Вот что нам преподносилось на необычном семинаре Шлепфуса, необычном своим остроумием и сомнительностью. «Сомнительность» — превосходное слово; как филолог я всегда очень ценил его. Оно одновременно призывает к приятию и неприятию, следовательно к весьма осторожному приятию.
В наш поклон, когда нам случалось встретить Шлепфуса на улице или в коридоре университета, мы вкладывали все почтение, которое внушал нам высокий интеллектуальный уровень его лекций; он же нам отвечал поклоном, еще более низким, и, широким жестом снимая шляпу, произносил: «Ваш всепокорный слуга!»
XIV
Мистика чисел не моя сфера, и то, что Адриан с давних пор был молчаливо, но явно склонен к ней, всегда меня огорчало. Тем не менее мне, право же, доставило удовольствие, что на предыдущую главу пришлась недобрая, пугающая цифра XIII. Я даже испытываю соблазн считать это не простой случайностью, хотя, разумно рассуждая, это, конечно, чистейшая случайность, тем паче что весь комплекс знаний, почерпнутых в университете в Галле, по существу неотделим от лекций Кречмара, и только из уважения к читателю, всегда любящему роздых, цезуры, новые сюжетные завязки, я разбил свое изложение на главы; что касается моей писательской совести, то она отнюдь не требовала такого членения.

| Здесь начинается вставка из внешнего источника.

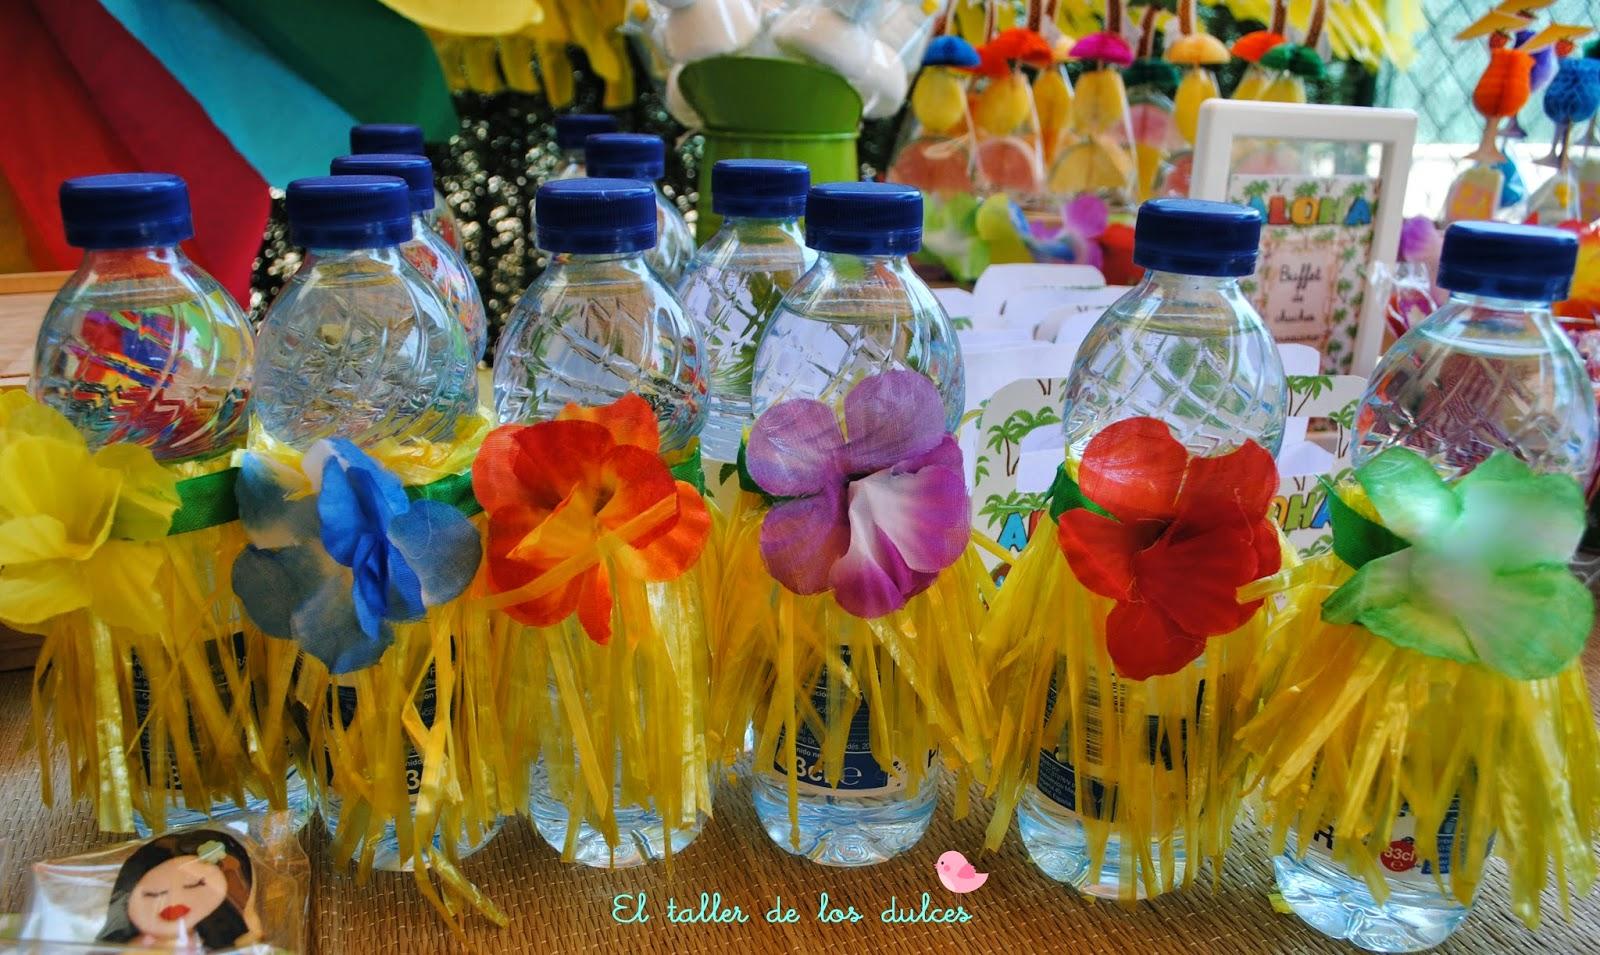 Decoraciones con globos para fiestas infantiles de beisbol for Decoraciones infantiles

Итак, если б было по-моему, мы все еще находились бы в одиннадцатой главе, и только моя уступчивость снабдила доктора Шлепфуса цифрой XIII. Пусть она при нем и останется, тем более что я охотно поставил бы эту цифру над всеми воспоминаниями об университете в Галле, ибо, как я уже говорил, воздух этого города, богословский воздух, был мне не на пользу, и то, что я в качестве вольнослушателя присутствовал на тех же семинарах, что и Адриан, было жертвою, которую я, не без некоторого даже неудовольствия, приносил нашей дружбе.

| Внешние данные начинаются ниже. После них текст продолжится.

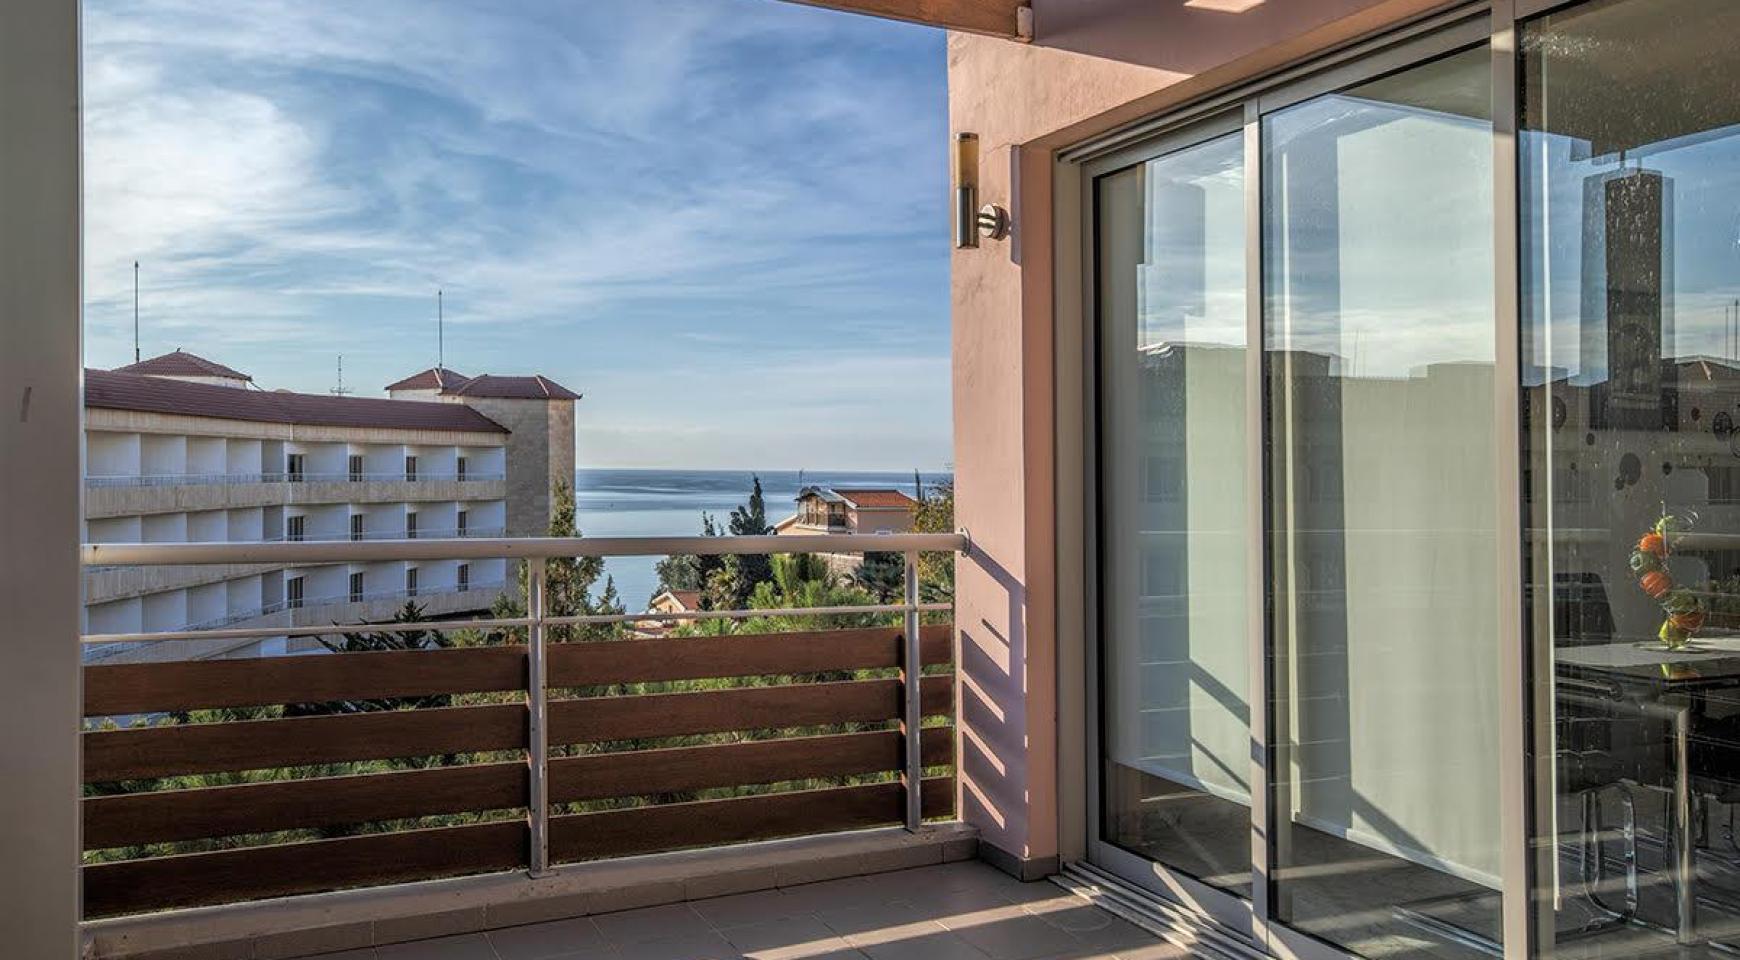 2 Bedroom Duplex Apartment in a Prestigious Complex near the Sea - 7

Нашей? Лучше будет сказать, моей, ибо он отнюдь не настаивал, чтобы я торчал возле него на лекциях Кумпфа или Шлепфуса, поступаясь занятиями на своем факультете. Я все это проделывал вполне добровольно, лишь из неодолимого желания слышать, что он слышал, узнавать, что он узнавал, одним словом наблюдать за ним, — так как это всегда казалось мне необходимым, хотя и бесцельным. Не правда ли, странное и горестное смешение представлений: необходимость и бесцельность? Я отдавал себе ясный отчет в том, что передо мною жизнь, которую, может быть, и можно стеречь, но нельзя изменить, нельзя подчинить какому-то ни было влиянию, и в моей жажде беспристрастным взором следить за ней, ни на шаг не отходить от друга уже было предчувствие, что в свое время жизненной моей задачей станет биографический отчет о его юных впечатлениях. Ведь понятно, надеюсь, что обо всем вышесказанном я распространялся не затем, чтобы объяснить, почему в Галле я чувствовал себя не в своей тарелке, а по той же причине, по которой я с такой подробностью изложил кайзерсашернские лекции Венделя Кречмара: мне важно — да и как может быть иначе? — сделать читателя очевидцем духовного развития Адриана.

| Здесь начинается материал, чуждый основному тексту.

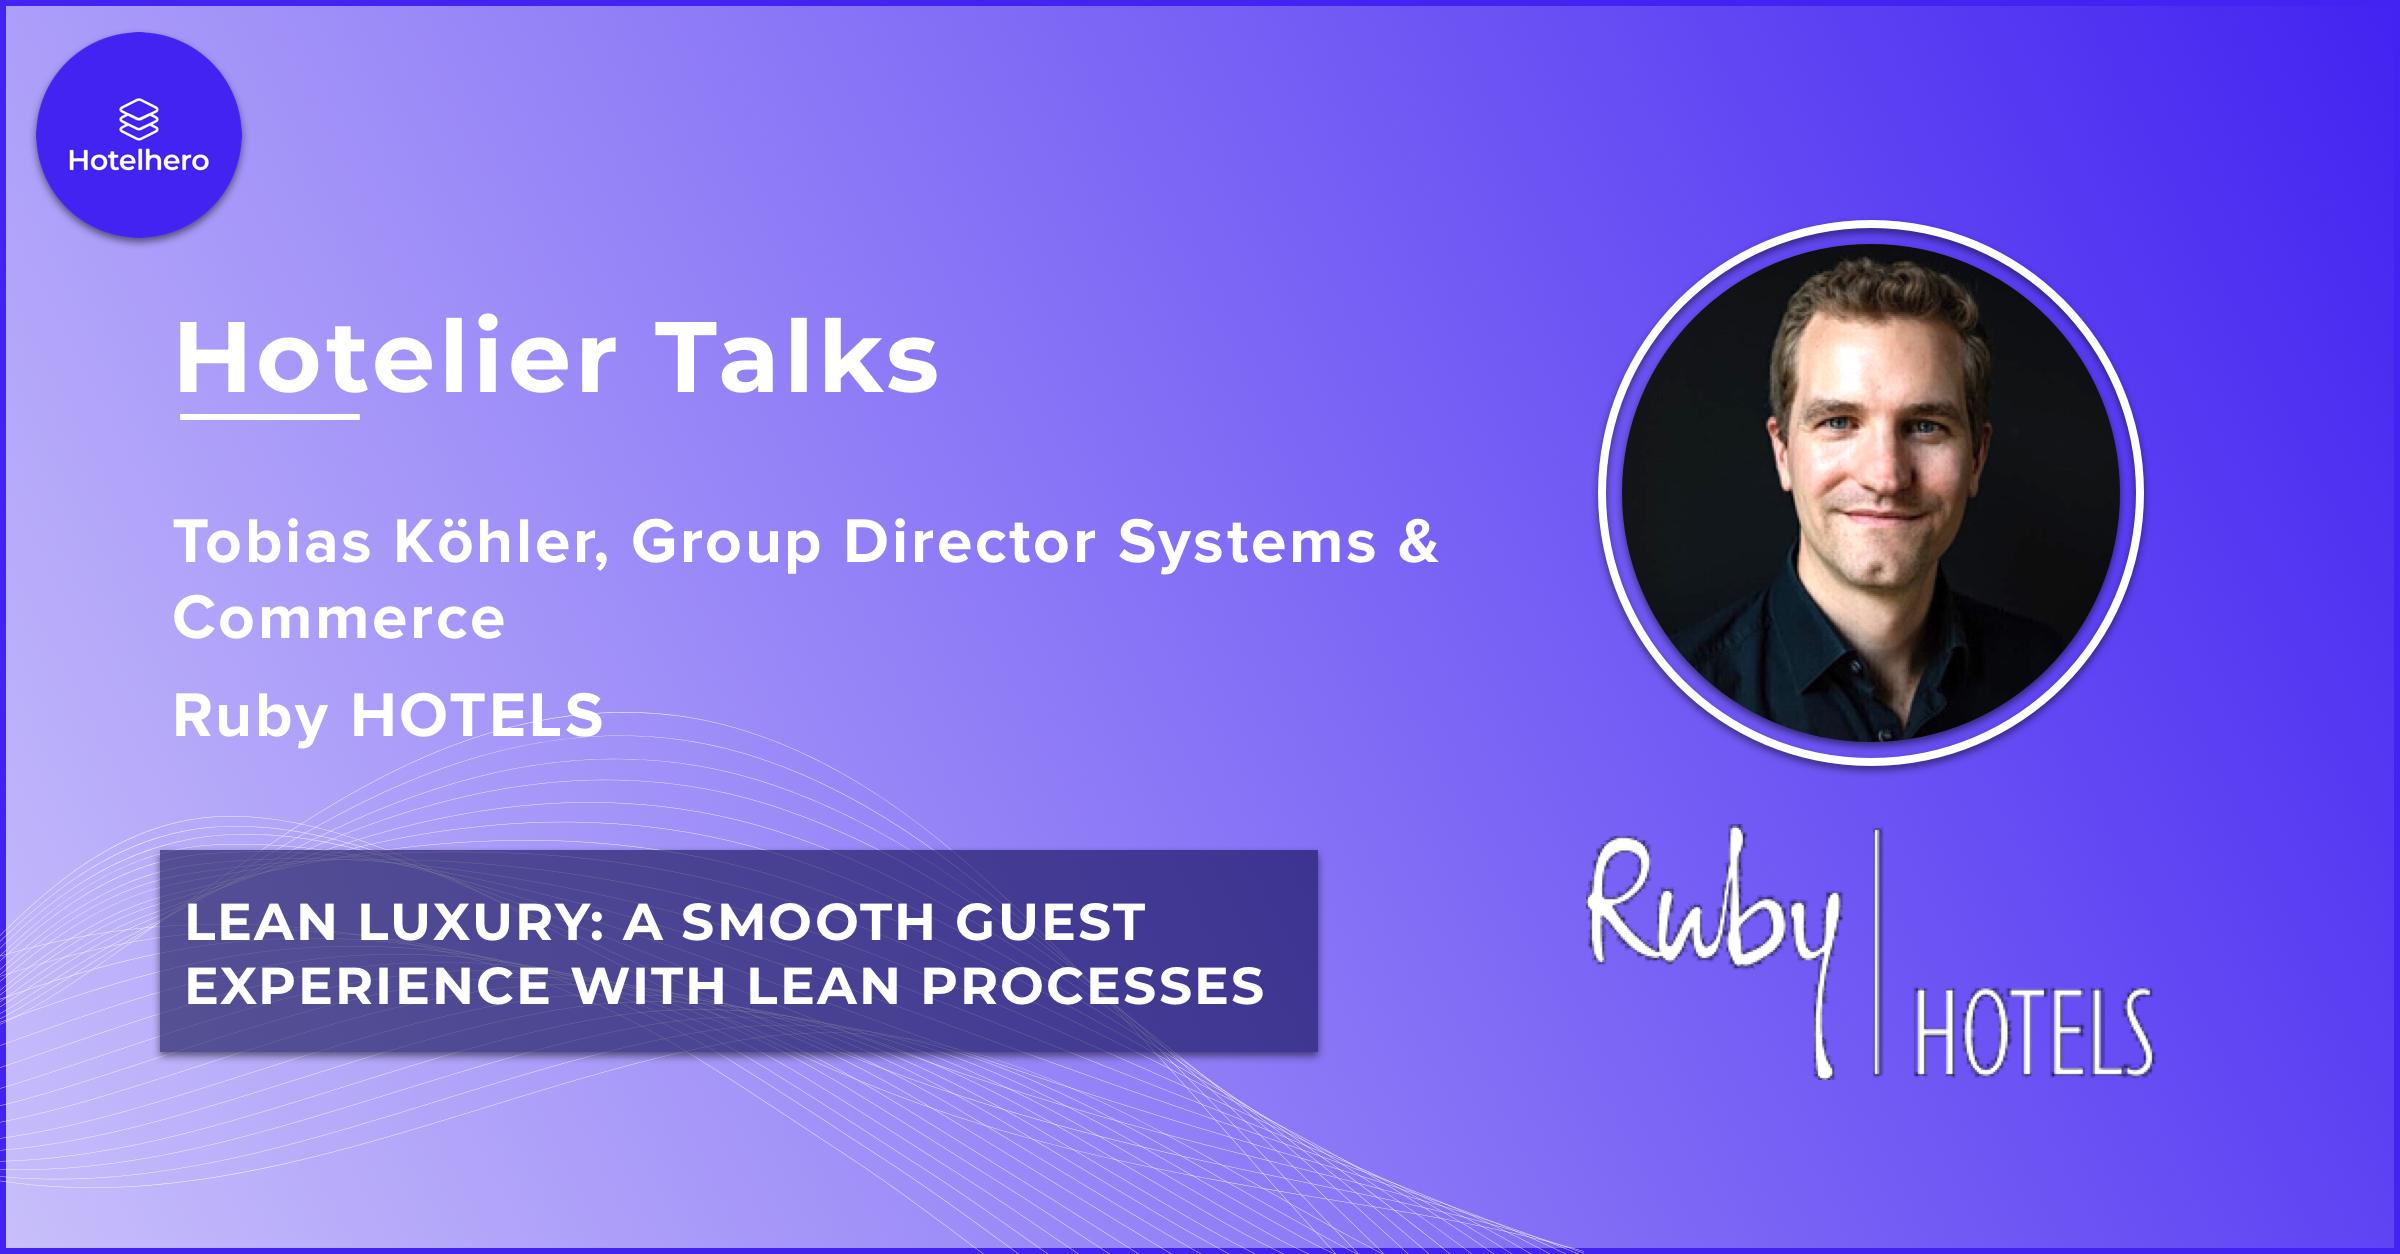 Ruby HOTELS - Le luxe simple : une expérience client en douceur avec des processus...

По этой же причине я приглашаю его сопровождать нас, юных сынов муз, и на загородные прогулки, которые мы в теплое время года совершали в окрестностях Галле. В качестве Адрианова земляка и друга детства, и еще потому, что, не будучи богословом, я выказывал немалый интерес к этой науке, я всегда бывал желанным гостем на собраниях христианского кружка «Винфрид» и не раз участвовал в загородных странствиях, которые, во славу господа и зеленого его творения, предпринимали винфридцы.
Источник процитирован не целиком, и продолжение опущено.